Requirement Analysis Methodology

Before designing test cases, perform deep requirement analysis using these 5 methods to extract all test details:

1. Sentence-by-Sentence Analysis Method

Analyze each sentence in the requirement document to identify:

  • Condition words: if, when, unless, only if, etc.
  • Action words: click, input, select, submit, delete, etc.
  • State words: display, hide, enable, disable, active, inactive, etc.
  • Data words: create, read, update, delete, calculate, validate, etc.

Output: Each identified element becomes a verification item.

Example:

  • Requirement: "When user clicks Submit button, if all required fields are filled, display success message and redirect to order list."
  • Extracted verifications:
    • Condition: all required fields filled → test with valid/invalid combinations
    • Action: click Submit button → verify button is clickable and responsive
    • State: display success message → verify exact message text
    • Data: redirect to order list → verify correct page navigation

2. Business Process Analysis Method

Identify the complete business flow from start to end:

  • Process nodes: Each step in the workflow
  • Decision branches: All if-else or switch conditions
  • Exception exits: Error handling, timeout, cancel, rollback
  • Parallel flows: Concurrent processes or independent branches

Output: Each node and branch becomes a test scenario.

Example (Order Flow):

  • Node 1: Create order → test with valid/invalid products
  • Node 2: Payment → test successful payment, payment failure, timeout
  • Node 3: Ship → test shipping with/without inventory
  • Branch: Payment failure → test retry, cancel, refund flows

3. Data Flow Analysis Method

Trace data through its complete lifecycle:

  • Data acquisition: Where does data come from? (user input, API, database, third-party)
  • Data processing: How is data transformed? (calculation, validation, formatting)
  • Data storage: Where is data saved? (database, cache, file, session)
  • Data display: How is data presented? (UI, report, export, notification)
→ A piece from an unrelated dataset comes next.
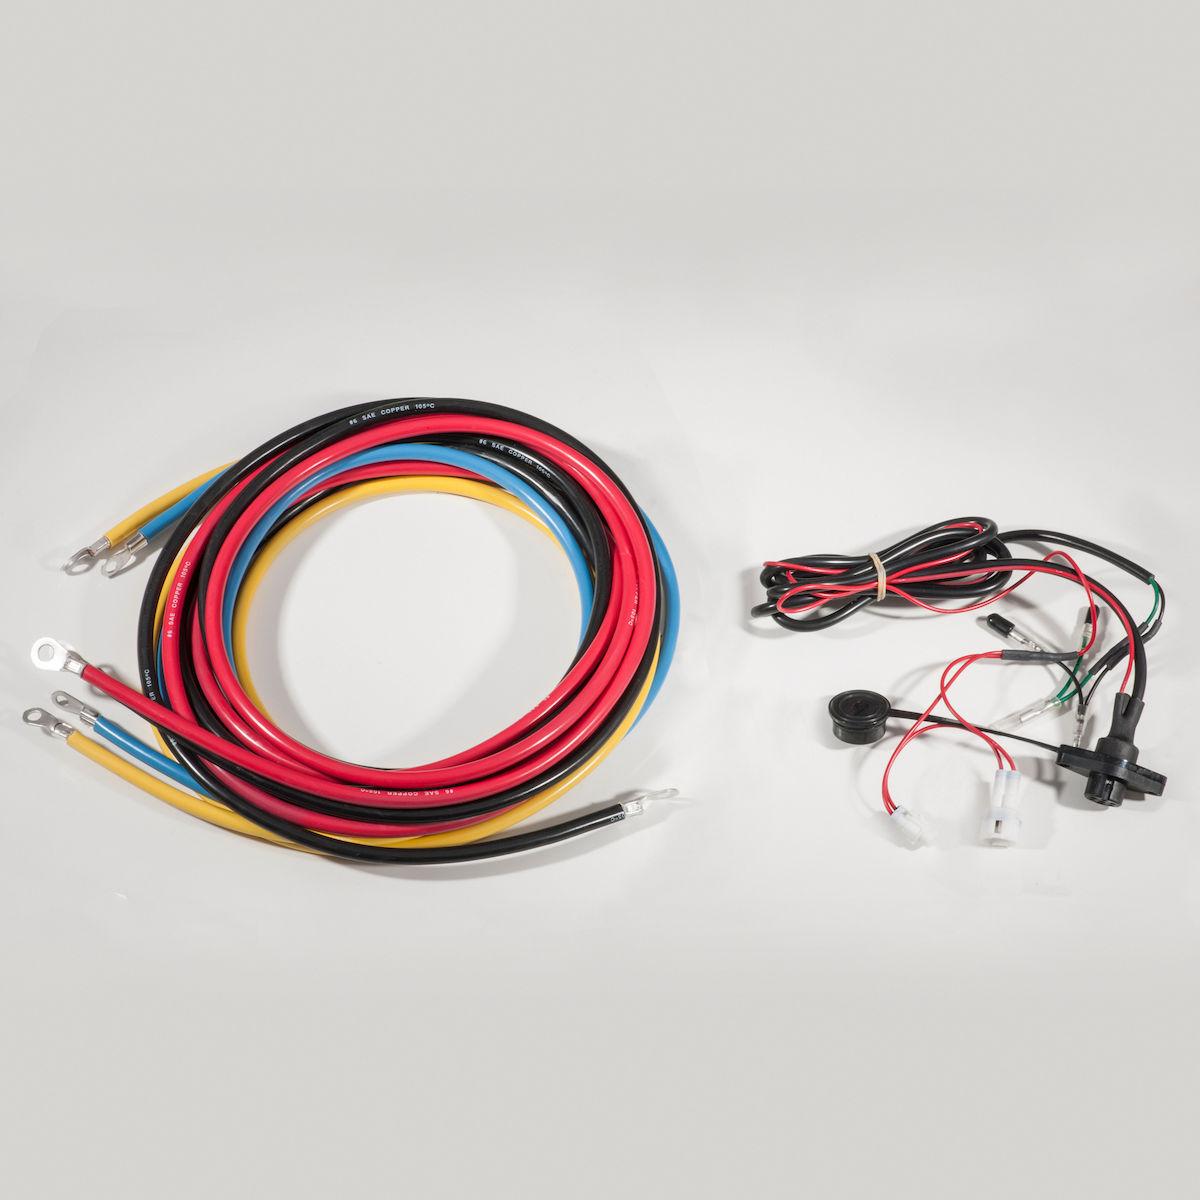 Wondrous Winch Wiring Kit 2Hc F28M0 V0 00 Yamaha Motor Wiring 101 Capemaxxcnl
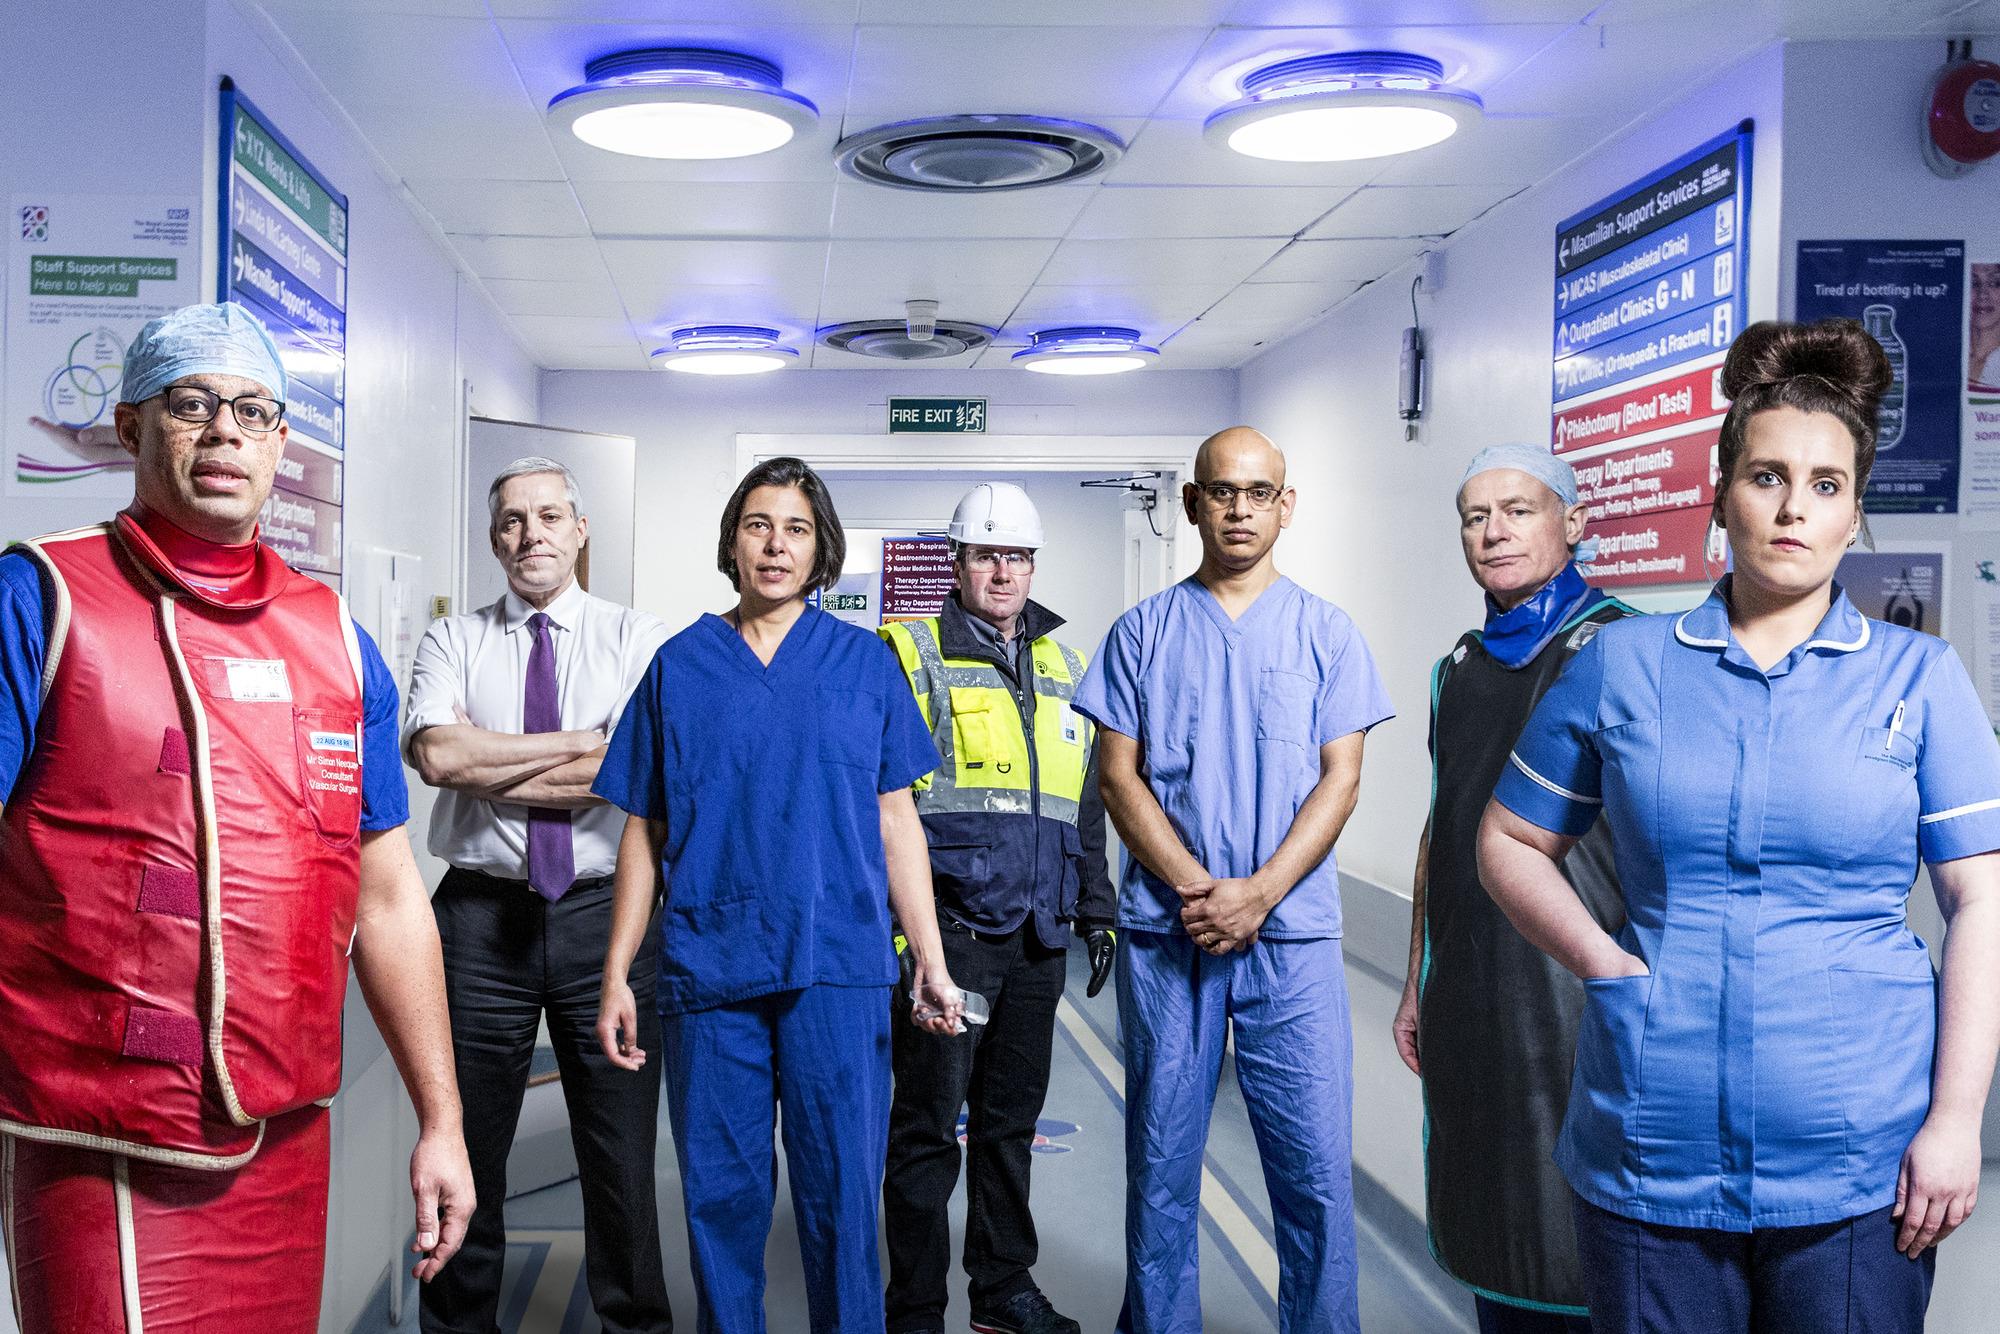 Hospital - Label1/BBC Two

Output: Each data transformation point becomes a verification item.

Example (User Registration):

  • Acquisition: user enters username, email, password
  • Processing: validate format, encrypt password, check uniqueness
  • Storage: insert into users table, send to CRM system
  • Display: show success message, send confirmation email

4. State Transition Analysis Method

Model the system as a finite state machine:

  • Identify all states: Draft, Pending, Approved, Rejected, Completed, Cancelled, etc.
  • Identify transition conditions: What triggers state changes?
  • Identify valid transitions: Allowed state changes
  • Identify invalid transitions: Disallowed state changes (should show error)
  • Identify self-transitions: Staying in the same state after action

Output: Each valid and invalid transition becomes a test case.

Example (Order Status):

  • Valid: Draft → Pending (submit), Pending → Approved (approve), Approved → Shipped (ship)
  • Invalid: Draft → Shipped (skip states), Shipped → Pending (reverse), Rejected → Approved (without revision)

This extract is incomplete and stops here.